▸ Data provided
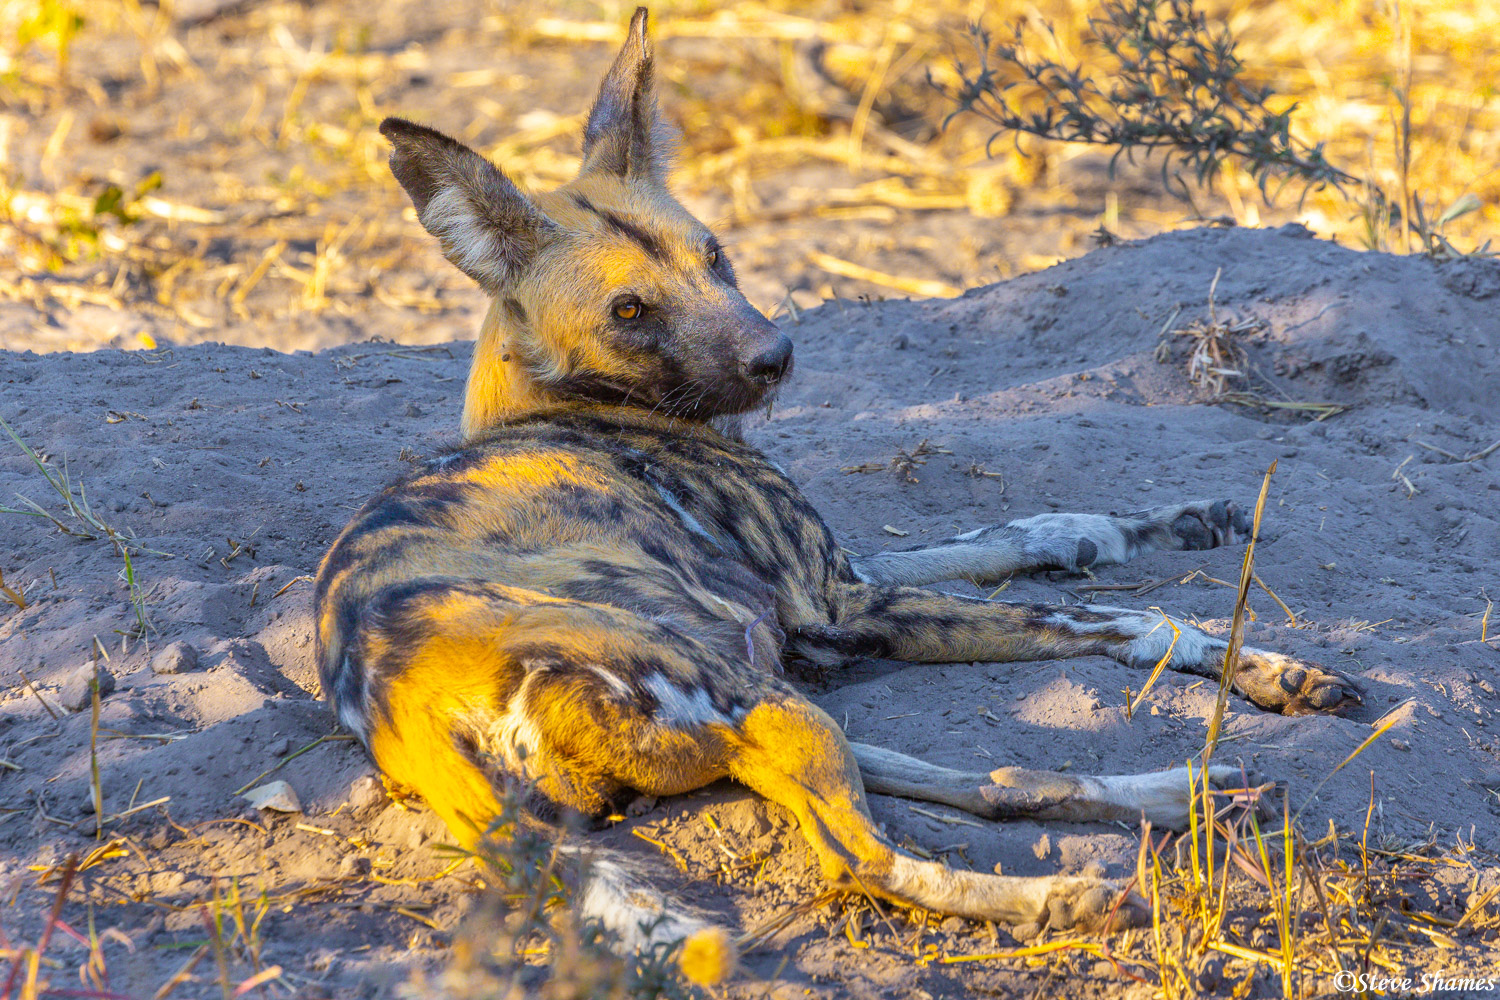 Here is the alpha female of the wild dog pack. She stays at home with the pups, who are hiding in the den at this moment.
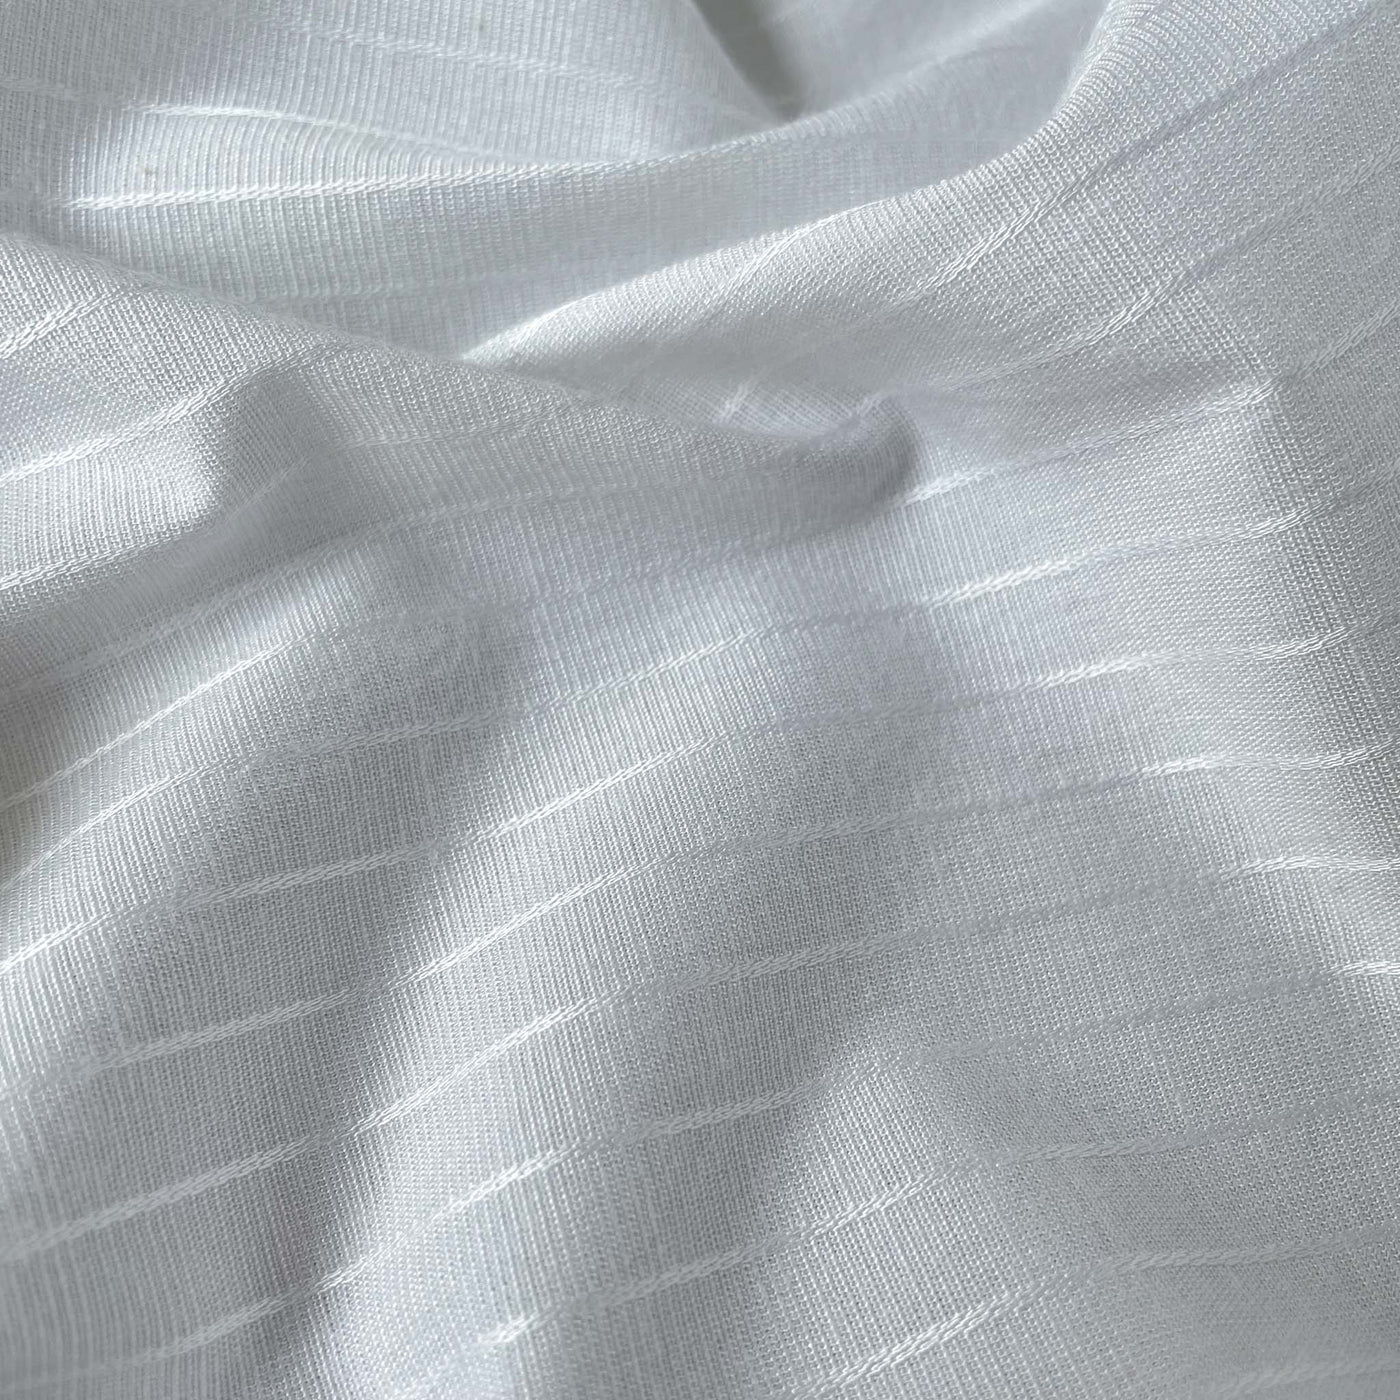 Fabric Pandit Fabric White Dyeable Pure Cotton Lycra Stripes Fabric (Width 48 Inches, 174 Gms)
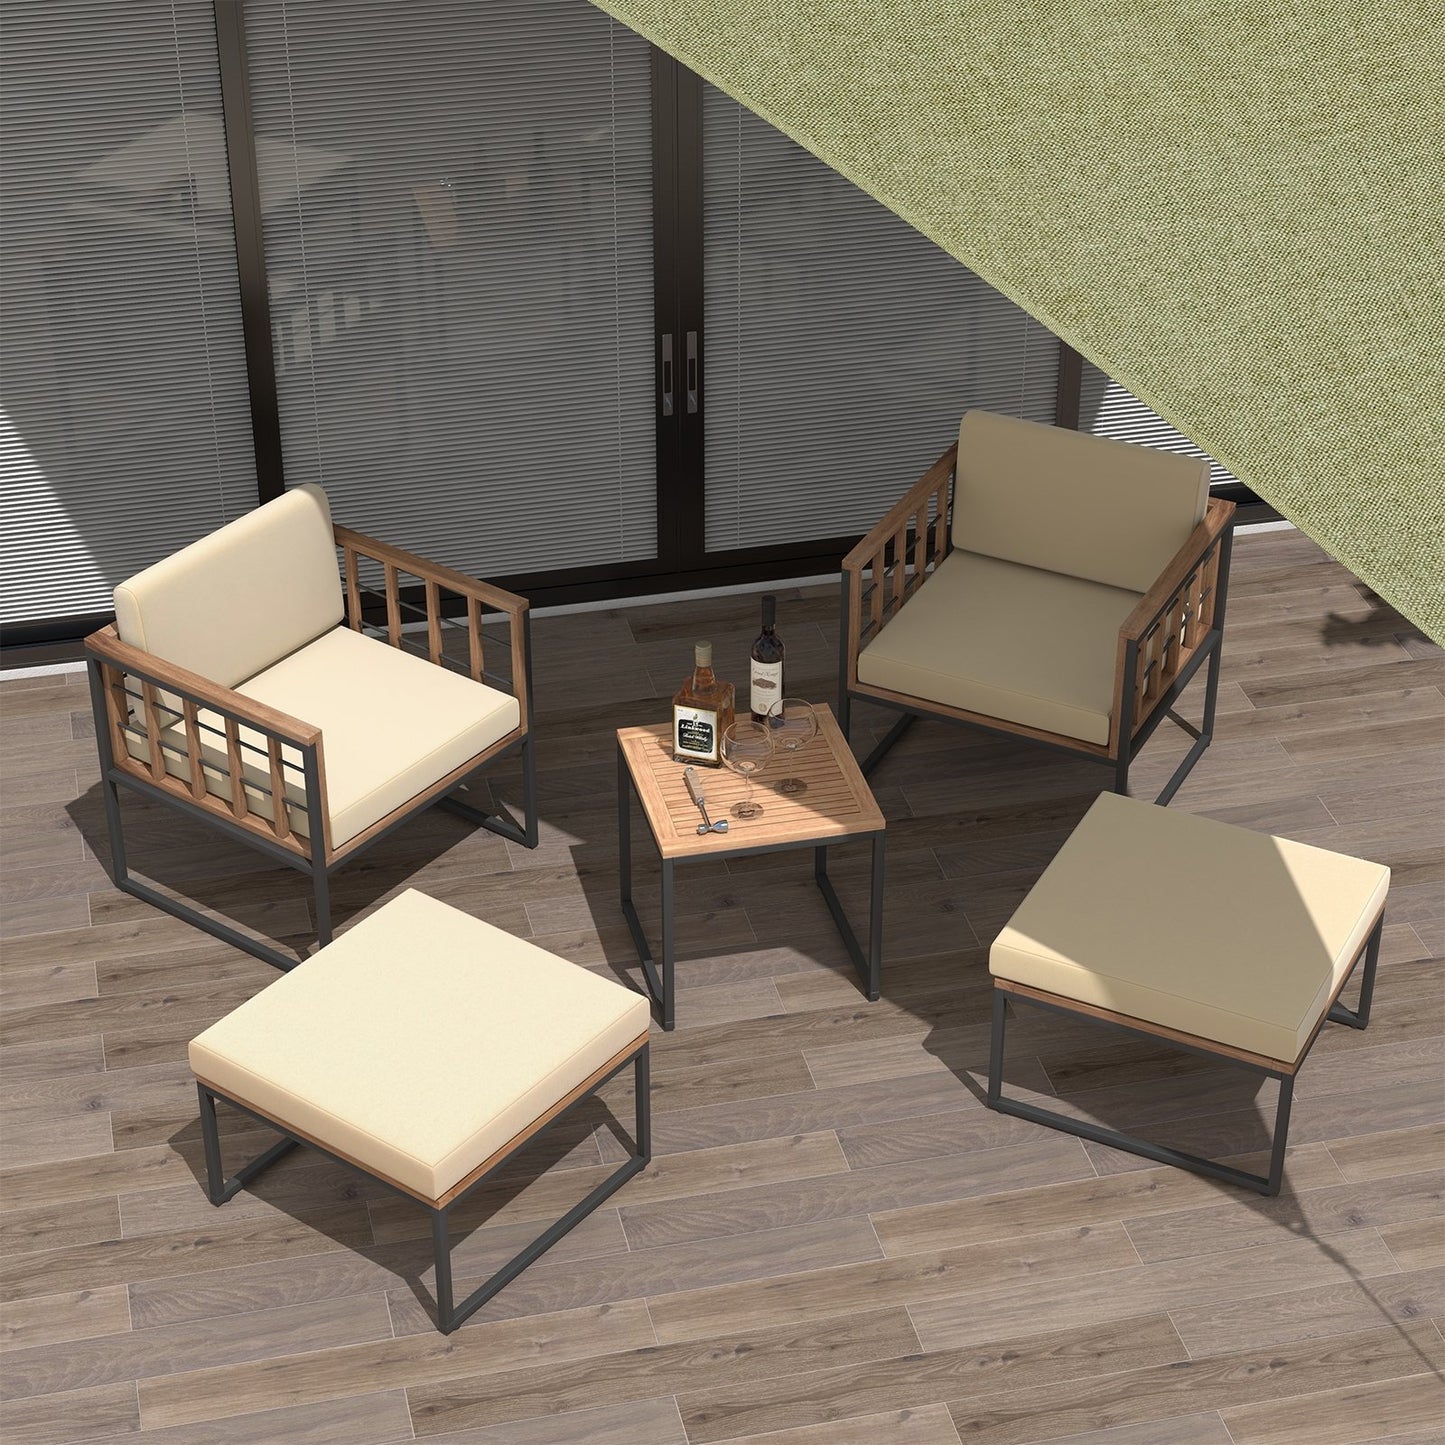 5 Piece Outdoor Furniture Set Acacia Wood Chair Set with Ottomans and Coffee Table, Beige
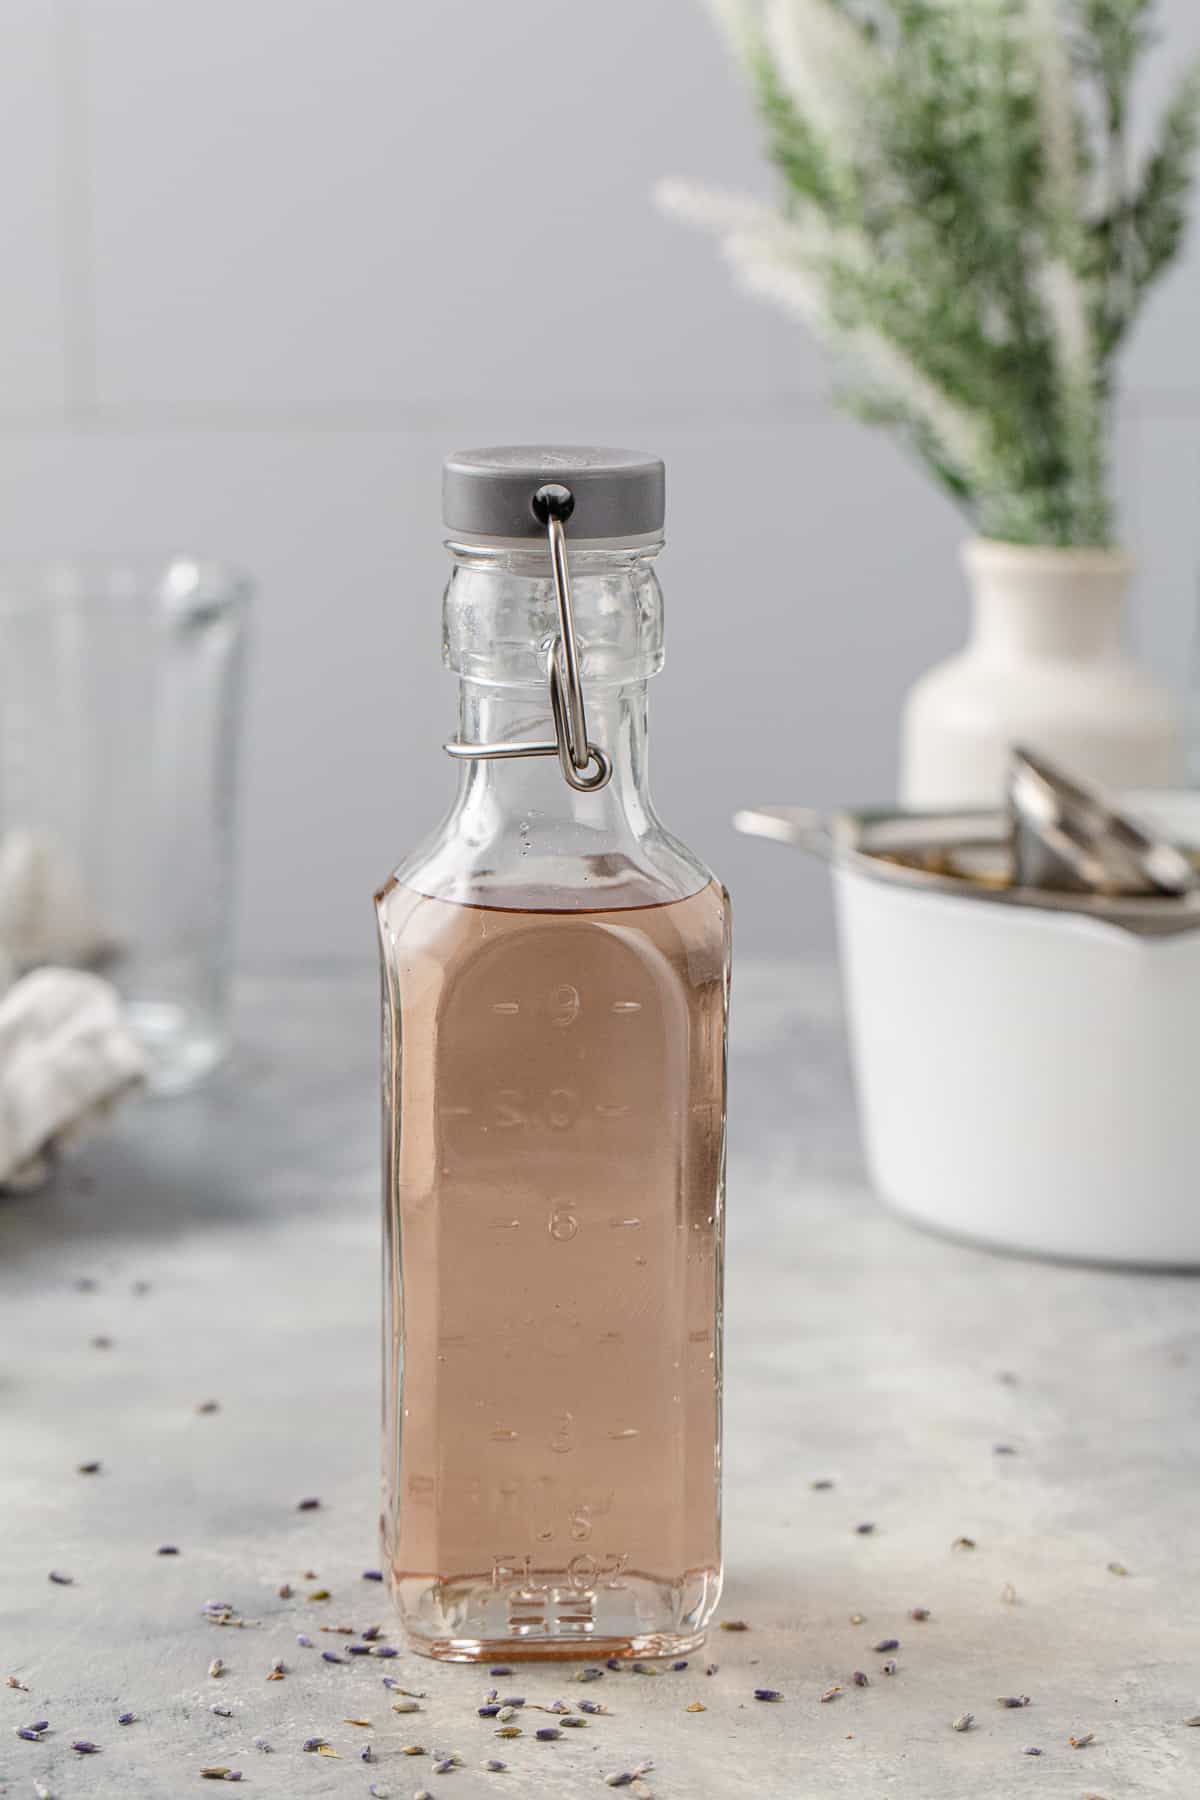 Bottle of lavender syrup on a gray countertop. In the background is a white pot and other tools to make the syrup, along with a vase of greenery.

▸ About this exercise
Please return only the lines running from the line with "Fabric Pandit Fabric" to the final line of the data, both included, exactly and without any pictures.

▸ Your response
 Fabric Pandit Fabric White Dyeable Pure Cotton Lycra Stripes Fabric (Width 48 Inches, 174 Gms)
 5 Piece Outdoor Furniture Set Acacia Wood Chair Set with Ottomans and Coffee Table, Beige
 Bottle of lavender syrup on a gray countertop. In the background is a white pot and other tools to make the syrup, along with a vase of greenery.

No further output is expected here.